Беседуя, чуть отошли от столба и сразу же напоролись на штык часового, охранявшего лагерь.
- Матэ, омайя! - заорал он. - Матэ, омайя!
Пришлось вернуться обратно к столбу.
- Чего он хоть вопил-то нам? - спросил Шаламов.
- В таких случаях кричат одно: "Стой, кто идет?"
- Да я иду! - обозлился Шаламов. - Русский матрос идет. Нешто ж мне эдакой сопли слушаться? Бежим…
О замышляемом побеге Панафидин рассказал в офицерском бараке одному только старику Анисимову.
- Не советую, - отвечал титулярный советник. - Японский язык знать можно, но глаза на японский манер не перекосишь. В этом-то халатике до колена хорошо только из сумасшедшего дома бегать, а в Мацуями за версту видать, что русский идет. На первом же углу за цугундер схватят и…
- Так не сидеть же мне тут! - возмутился мичман.
- Сиди, коли попался. Если бы из Японии так легко бежать было, так, наверное, уже все мы в России чай пили…
За бараками лагеря начинались густые заросли бамбука, даже не огражденные забором. А что там, за этой бамбуковой рощей, Панафидин не знал… К ночи стало свежо. Чистые звезды приятно помигивали с небес, и невольно думалось, что эти же звезды видят сейчас во Владивостоке.

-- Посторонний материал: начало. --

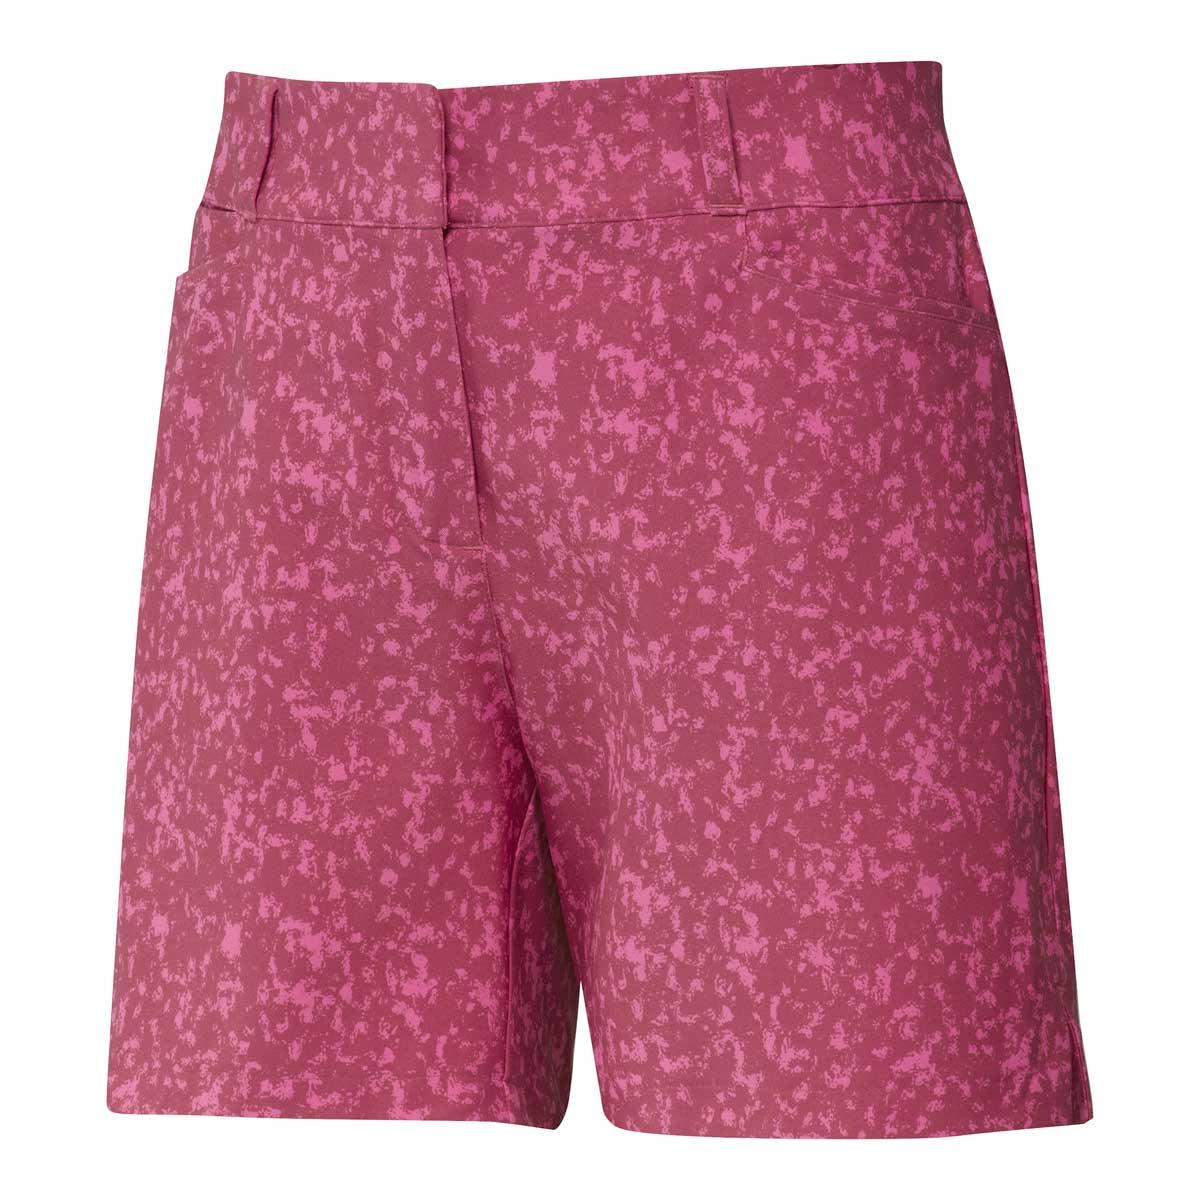 Adidas Women's Printed 5 Inch Wild Pink Short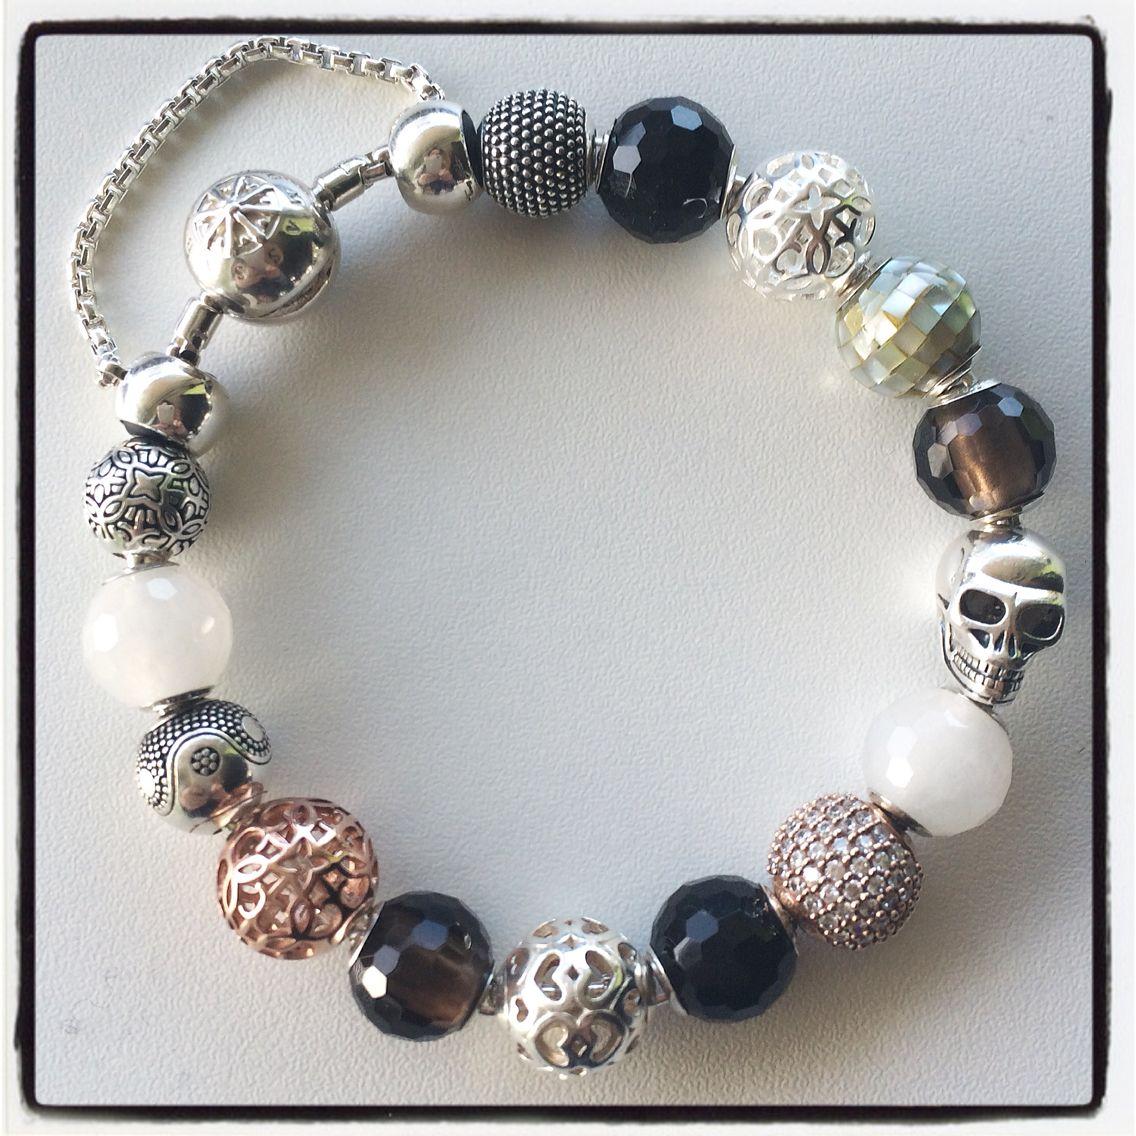 Added A Few New Thomas Sabo Karma Beads To My Bracelet #thomassabo  #thomassabokarmabeads

Из матросского барака проливалась над Мацуями сердечная песня:
Когда я на почте служил ямщиком,
Был молод, имел я силенку,
И крепко же, братцы…
А в офицерском сарае упивался своим баритоном Шиллинг:
Что день грядущий мне готовит?
Его мой взор напрасно ловит.
Паду ли я…
Утром Панафидина растолкал штурман Салов:
- Вставайте, мичман… тревога! Пока мы тут спали, барон Кесарь Шиллинг убежал. Японцы в панике и прострации…
Впрочем, не прошло и часа, как солдаты гарнизона, гордые оказанной им честью, доставили беглеца в лагерь.
- Да ну! - отмахивался от расспросов барон. - Разве тут убежишь? Не успел я выйти из лагеря, все прохожие набросились на меня, как голодные собаки на мясо…
По лагерю было объявлено, что пленный мичман барон Шиллинг не оправдал доверия японского императора и потому должен отсидеть 10 суток в карцере. В наказание за побег барону не давали бриться, не разрешали убирать в камере. Вокруг лагеря японцы заметно усилили охрану, понаставили везде будок с часовыми. Но бамбуковую рощу по-прежнему не охраняли, как препятствие для русских непреодолимое… Очень хорошо!
Японские ночи - душные, кошмарные ночи. Панафидин не мог спать. Томился, мучился. Переживал былое. Вия теперь отошла куда-то в небытие, совсем ненужная. Но почему-то (знать бы - почему?) снова вспоминалась красота той незнакомки в Адмиральском саду, ее тонкие пальцы, обвивавшие отпотевающий бокал с ледяным лимонадом… "Кто же она? И для кого несет свою неземную красоту?.."
* * *
- Сколько у вас гробов? - спросили в Нагасаки.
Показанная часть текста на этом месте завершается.